Go over the records and copy every line with the string "Leather".

Supplied material -
---+---

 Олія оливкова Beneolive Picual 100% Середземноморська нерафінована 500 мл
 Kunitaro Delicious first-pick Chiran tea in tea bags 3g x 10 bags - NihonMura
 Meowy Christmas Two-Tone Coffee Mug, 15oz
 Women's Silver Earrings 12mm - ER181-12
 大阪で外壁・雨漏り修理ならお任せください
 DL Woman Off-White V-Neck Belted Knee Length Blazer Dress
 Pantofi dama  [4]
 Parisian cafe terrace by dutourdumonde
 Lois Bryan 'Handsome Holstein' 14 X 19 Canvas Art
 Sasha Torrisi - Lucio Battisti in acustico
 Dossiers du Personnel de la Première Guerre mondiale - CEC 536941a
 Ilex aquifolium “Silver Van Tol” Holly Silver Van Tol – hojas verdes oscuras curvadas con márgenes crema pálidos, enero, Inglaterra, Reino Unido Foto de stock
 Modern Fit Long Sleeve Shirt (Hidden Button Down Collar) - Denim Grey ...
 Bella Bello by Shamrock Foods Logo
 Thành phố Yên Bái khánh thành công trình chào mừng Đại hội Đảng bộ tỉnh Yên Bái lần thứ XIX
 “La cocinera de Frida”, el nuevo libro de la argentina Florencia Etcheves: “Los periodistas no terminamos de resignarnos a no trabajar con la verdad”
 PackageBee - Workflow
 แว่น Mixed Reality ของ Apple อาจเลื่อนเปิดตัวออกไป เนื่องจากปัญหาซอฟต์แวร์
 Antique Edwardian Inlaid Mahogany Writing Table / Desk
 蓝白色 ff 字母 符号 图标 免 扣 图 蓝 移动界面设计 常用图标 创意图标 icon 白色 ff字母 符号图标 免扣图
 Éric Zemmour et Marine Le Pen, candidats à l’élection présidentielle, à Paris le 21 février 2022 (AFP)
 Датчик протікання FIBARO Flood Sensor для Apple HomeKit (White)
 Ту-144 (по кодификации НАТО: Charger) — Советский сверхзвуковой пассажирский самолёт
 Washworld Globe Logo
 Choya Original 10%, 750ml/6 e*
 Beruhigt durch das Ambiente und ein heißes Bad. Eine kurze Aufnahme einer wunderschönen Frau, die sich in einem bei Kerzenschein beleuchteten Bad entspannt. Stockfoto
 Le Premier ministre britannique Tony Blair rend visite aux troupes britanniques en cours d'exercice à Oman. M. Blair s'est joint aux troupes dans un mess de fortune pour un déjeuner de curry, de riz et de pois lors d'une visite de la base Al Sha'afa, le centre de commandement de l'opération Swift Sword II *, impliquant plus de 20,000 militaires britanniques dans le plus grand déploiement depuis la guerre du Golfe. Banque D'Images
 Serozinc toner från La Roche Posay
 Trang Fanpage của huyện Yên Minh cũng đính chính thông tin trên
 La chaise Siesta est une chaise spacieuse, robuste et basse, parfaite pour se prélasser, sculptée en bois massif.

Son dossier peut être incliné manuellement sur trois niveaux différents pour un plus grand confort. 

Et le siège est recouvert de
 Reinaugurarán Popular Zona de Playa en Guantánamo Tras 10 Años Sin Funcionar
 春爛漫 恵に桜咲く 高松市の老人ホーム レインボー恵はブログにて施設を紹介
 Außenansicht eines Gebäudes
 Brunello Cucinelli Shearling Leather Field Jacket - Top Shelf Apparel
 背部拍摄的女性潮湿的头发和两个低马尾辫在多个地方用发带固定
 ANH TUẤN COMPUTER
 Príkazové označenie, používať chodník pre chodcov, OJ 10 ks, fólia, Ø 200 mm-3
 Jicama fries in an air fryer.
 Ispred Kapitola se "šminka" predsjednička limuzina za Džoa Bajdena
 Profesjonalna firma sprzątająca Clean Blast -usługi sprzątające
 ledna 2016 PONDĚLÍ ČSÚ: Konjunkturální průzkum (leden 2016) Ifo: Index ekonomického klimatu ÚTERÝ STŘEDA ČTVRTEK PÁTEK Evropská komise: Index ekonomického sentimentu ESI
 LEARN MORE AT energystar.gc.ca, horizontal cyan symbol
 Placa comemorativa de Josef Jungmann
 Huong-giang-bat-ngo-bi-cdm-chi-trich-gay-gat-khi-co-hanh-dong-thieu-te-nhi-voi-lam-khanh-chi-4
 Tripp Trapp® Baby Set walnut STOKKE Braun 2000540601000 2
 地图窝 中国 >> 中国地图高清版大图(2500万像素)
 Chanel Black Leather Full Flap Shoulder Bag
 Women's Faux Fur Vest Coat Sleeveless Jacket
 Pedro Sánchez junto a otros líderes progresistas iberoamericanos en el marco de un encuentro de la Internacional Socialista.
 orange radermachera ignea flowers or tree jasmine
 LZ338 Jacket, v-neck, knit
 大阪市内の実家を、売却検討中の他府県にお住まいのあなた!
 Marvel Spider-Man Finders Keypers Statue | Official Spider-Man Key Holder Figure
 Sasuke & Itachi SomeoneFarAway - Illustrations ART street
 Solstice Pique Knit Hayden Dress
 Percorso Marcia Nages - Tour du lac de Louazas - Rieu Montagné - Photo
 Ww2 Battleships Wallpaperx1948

---+---

Task solution -
 Brunello Cucinelli Shearling Leather Field Jacket - Top Shelf Apparel
 Chanel Black Leather Full Flap Shoulder Bag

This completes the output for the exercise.